* **Task goal**: Without pictures, output exactly the lines running from the line containing "1997 Subaru Legacy" to the end of the listing below.

* **Dataset content**:
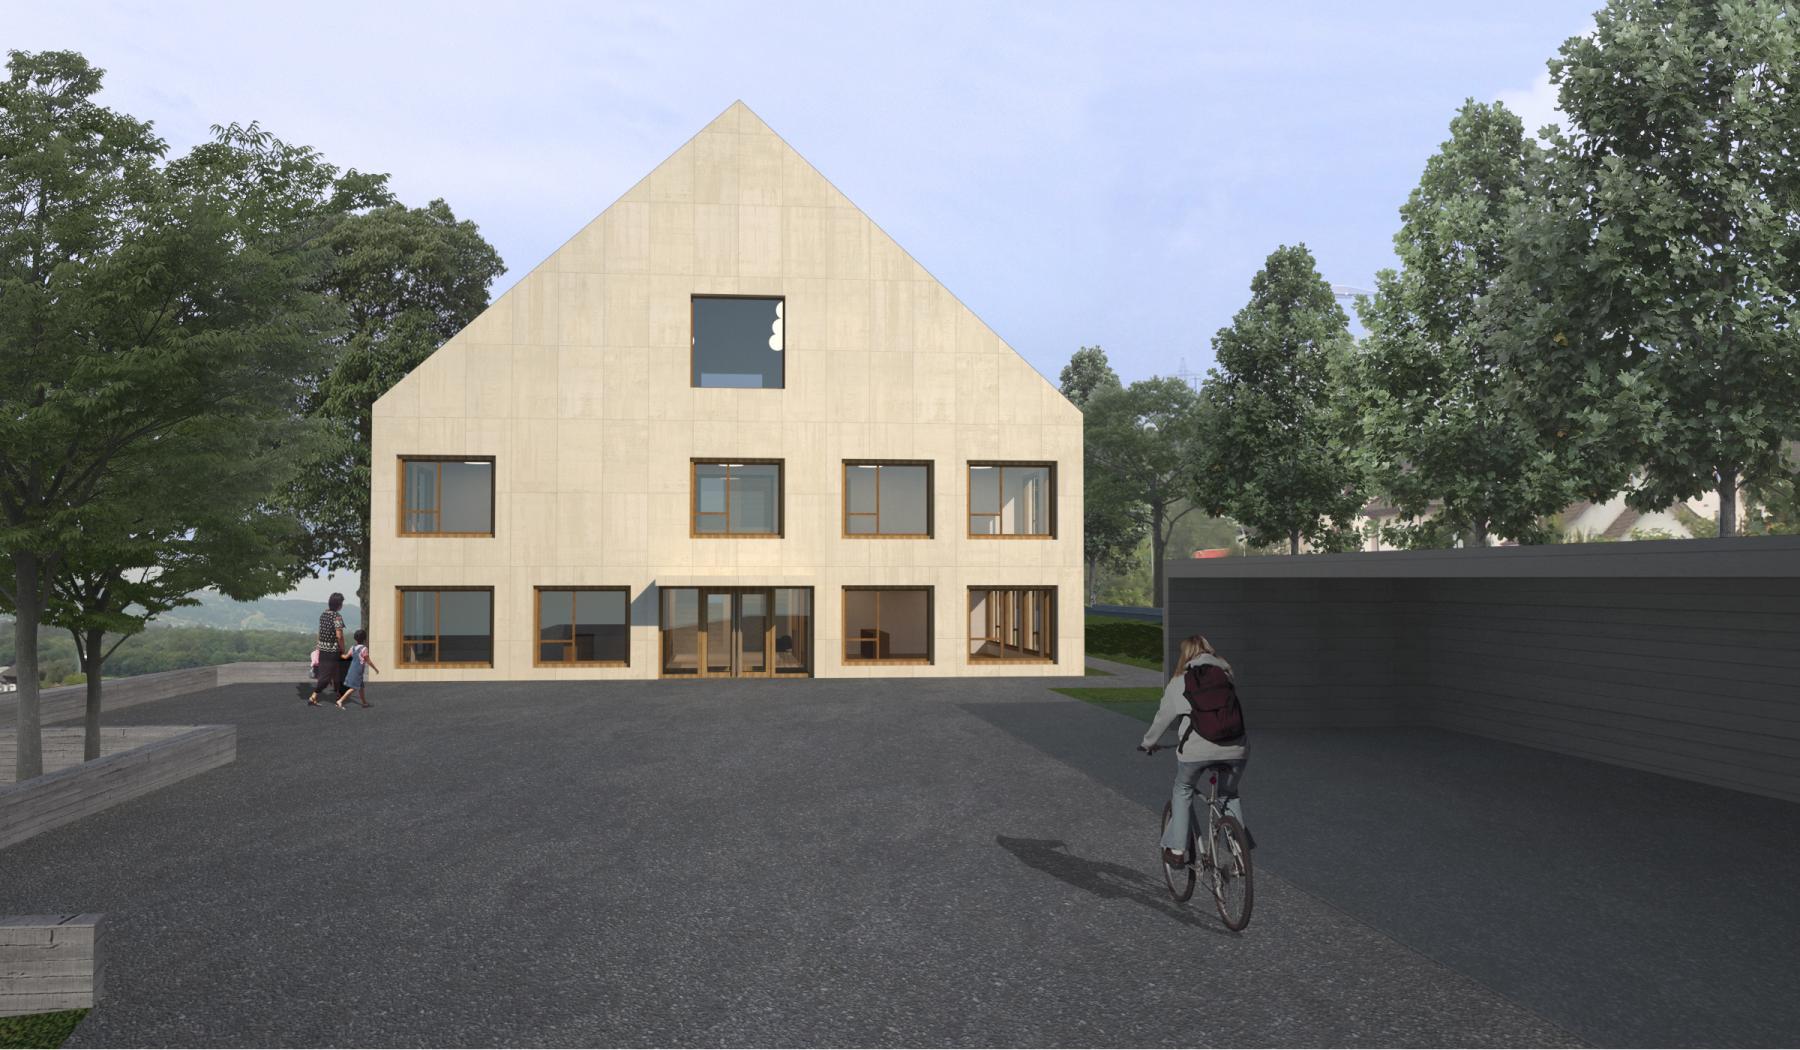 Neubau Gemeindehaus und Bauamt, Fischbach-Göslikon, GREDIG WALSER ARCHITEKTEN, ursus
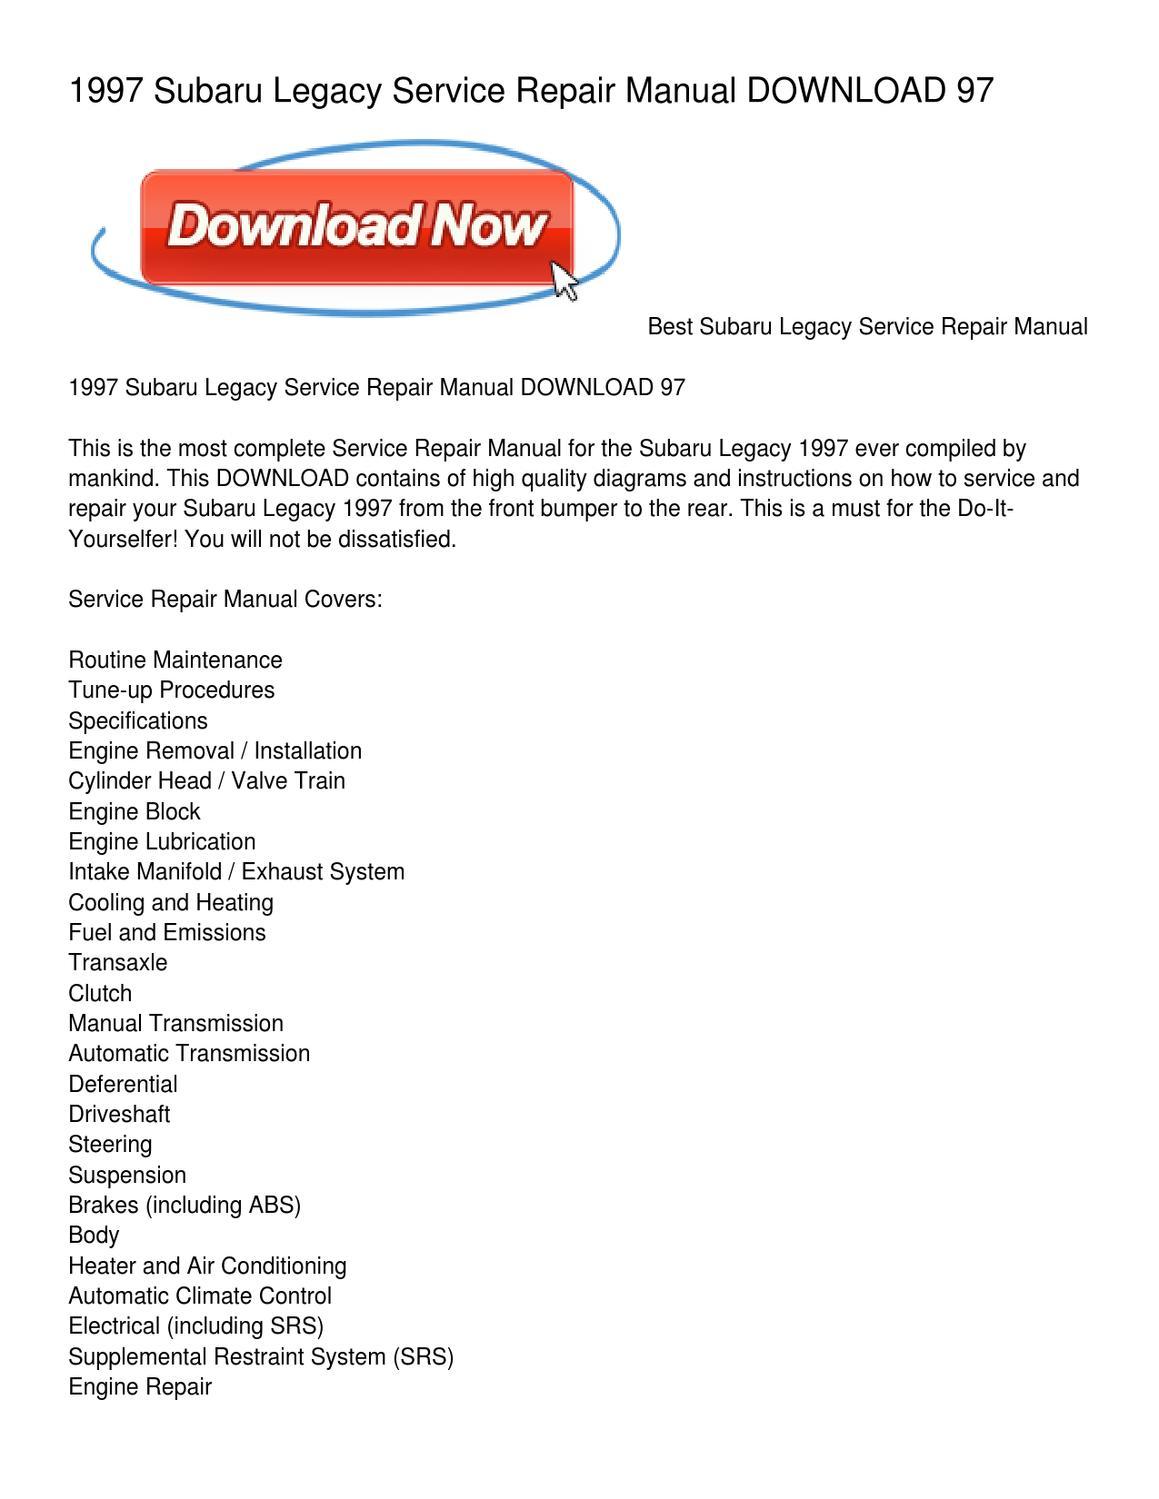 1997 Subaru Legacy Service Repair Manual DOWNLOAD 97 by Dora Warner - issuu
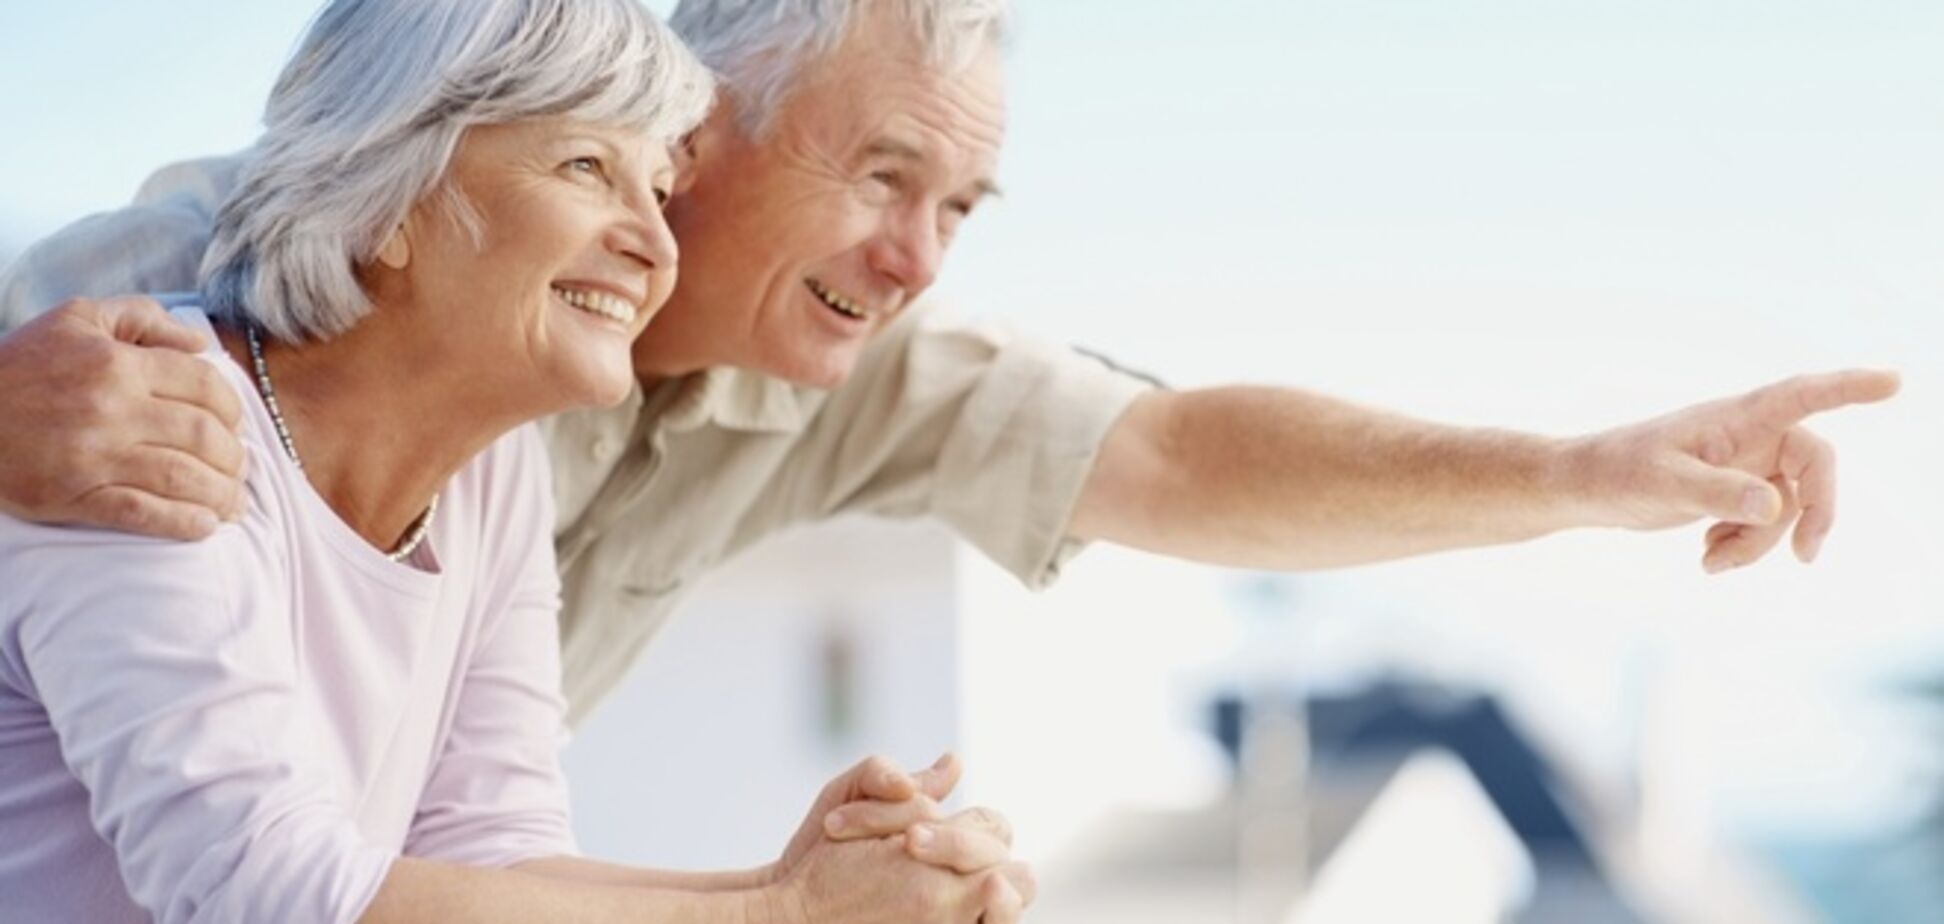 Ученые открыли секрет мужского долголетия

* **Exercise output**:
 1997 Subaru Legacy Service Repair Manual DOWNLOAD 97 by Dora Warner - issuu
 Ученые открыли секрет мужского долголетия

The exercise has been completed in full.